The treasury department's actions and its compliance with treasury policies must be assessed independently and regularly by the internal audit department and by a treasury committee comprised of senior management, including the treasurer. This committee, or an asset and liability committee (ALCO), will also regularly review and discuss financial risks across the company's assets and liabilities, and agree on appropriate actions to manage or transfer them. ALCOs will usually delegate the task of executing agreed-upon actions to the treasurer and his or her team.
When there is no single obvious solution to managing a financial risk, a treasurer must be able to weigh the pros and cons of a course of action. Decisions may involve consulting relevant internal and external specialists and undertaking data analysis and possibly scenario analysis in order to recommend a course of action.

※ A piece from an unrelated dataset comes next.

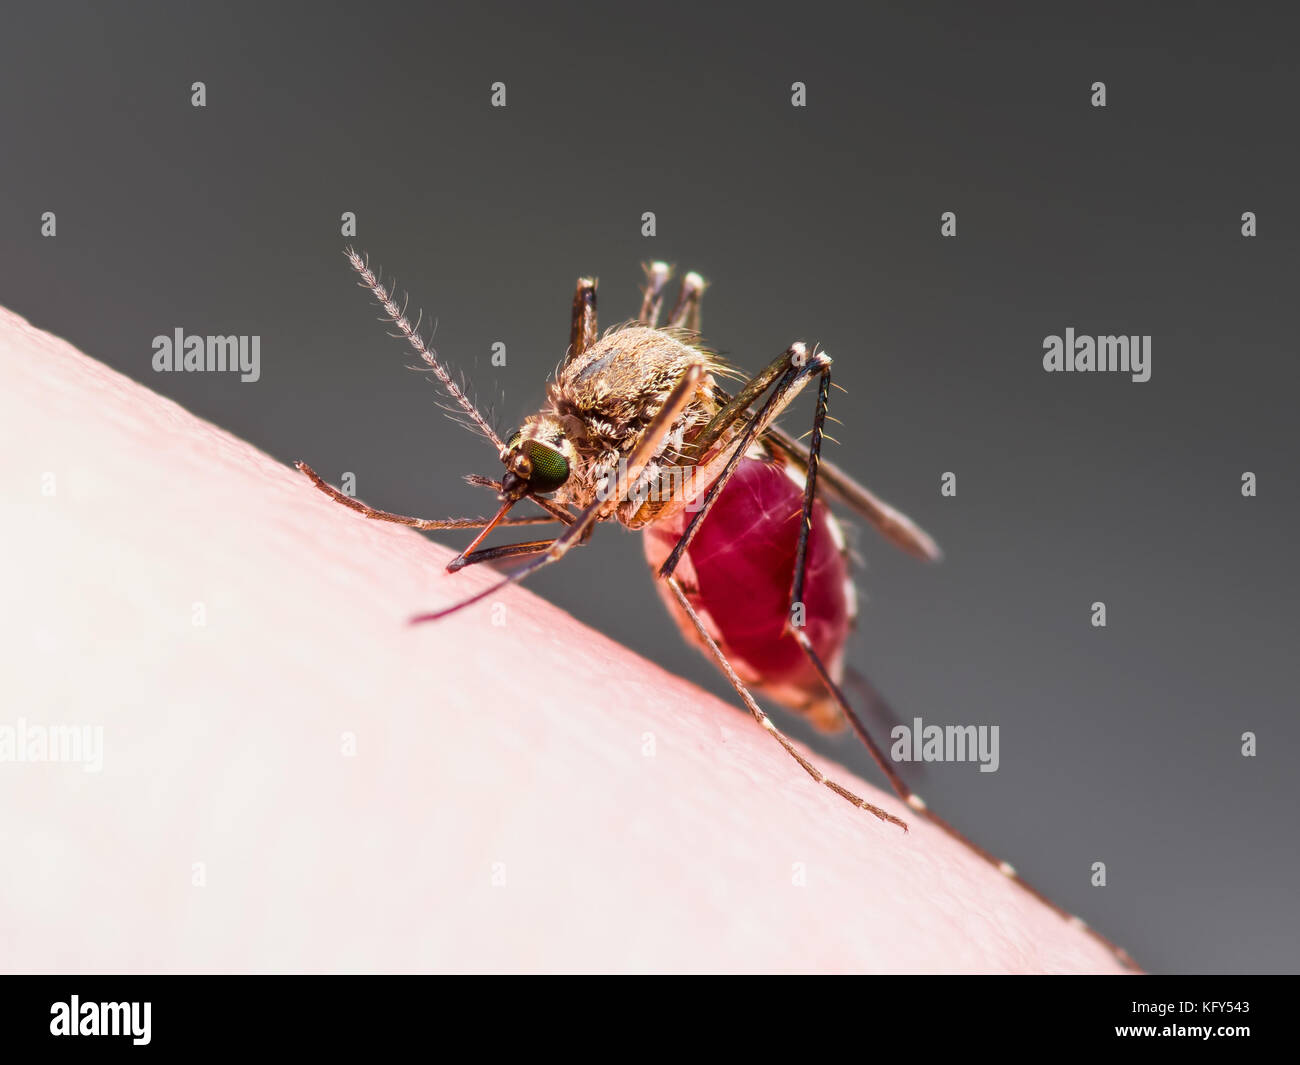 Gelbfieber, Malaria oder zika Virus infizierte Mücken Insekten Makro Stockbild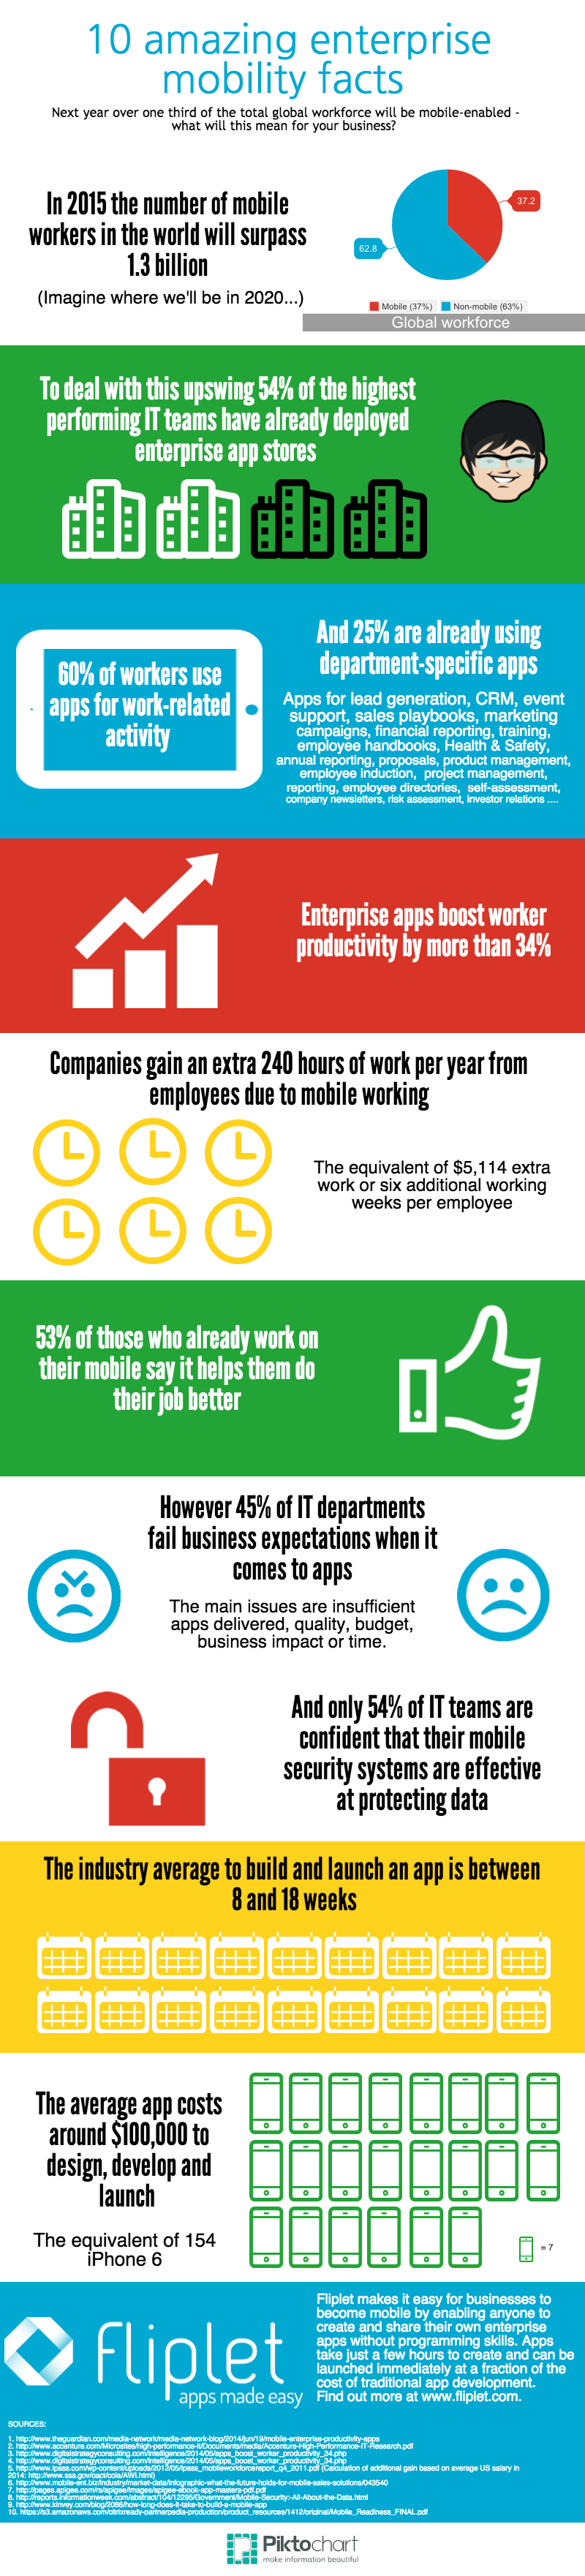 ten amazing enterprise mobility statistics

Traditionally, many treasurers were trained as accountants and undertook treasury activities as an offshoot to their accounting roles. However, with the development and proliferation of financial instruments and the globalization of financial markets and companies, treasury management has become more specialized, complex and time-consuming. Large and multinational companies establish treasury departments as autonomous risk management units, and corporate treasury management is now recognized as a profession distinct from accountancy. Many countries have specialized professional bodies, such as the Association of Corporate Treasurers in the U.K., as well as specialized education programs.
Specialist and Generalist
Although a treasurer is essentially a risk management specialist, performance is enhanced by having a practical knowledge of various associated corporate support functions such as law, tax, insurance, accounting, economics, and banking. In these areas, the corporate treasurer is also a generalist.
Because financial risks come from various sources within a company (such as interest rate risk in loans, credit risk in investments, or currency risk in debtor invoices), a treasurer must understand the nature and financial dynamics of each of a company's assets and liabilities across many different departments, underscoring the benefit of a broad financial education.
In addition to consulting relevant internal colleagues, a treasurer will often execute the actions to manage financial risks only after also consulting with external specialists such as bankers, lawyers, credit rating agencies, tax and accounting consultants, and auditors. A glance at any tombstone will confirm the wide range of specialists involved in raising debt or equity, for example. Strong interpersonal and communication skills are therefore an important personal attribute for a treasurer.
The impact of financial risks on company value and survival can be catastrophic and sudden. The treasurer, along with perhaps a small team consisting of a treasury accountant, cash manager, treasury analyst, and dealer, are entrusted with a great deal of responsibility. As such, a treasurer is often a member of a company's senior management team, usually reporting directly to the CFO or even commanding a seat on the board of directors.
The Bottom Line
Treasurers are increasingly assuming more strategic roles in companies. They have moved beyond managing working capital to becoming increasingly involved with working with a company's senior management to manage risk and boost the bottom line.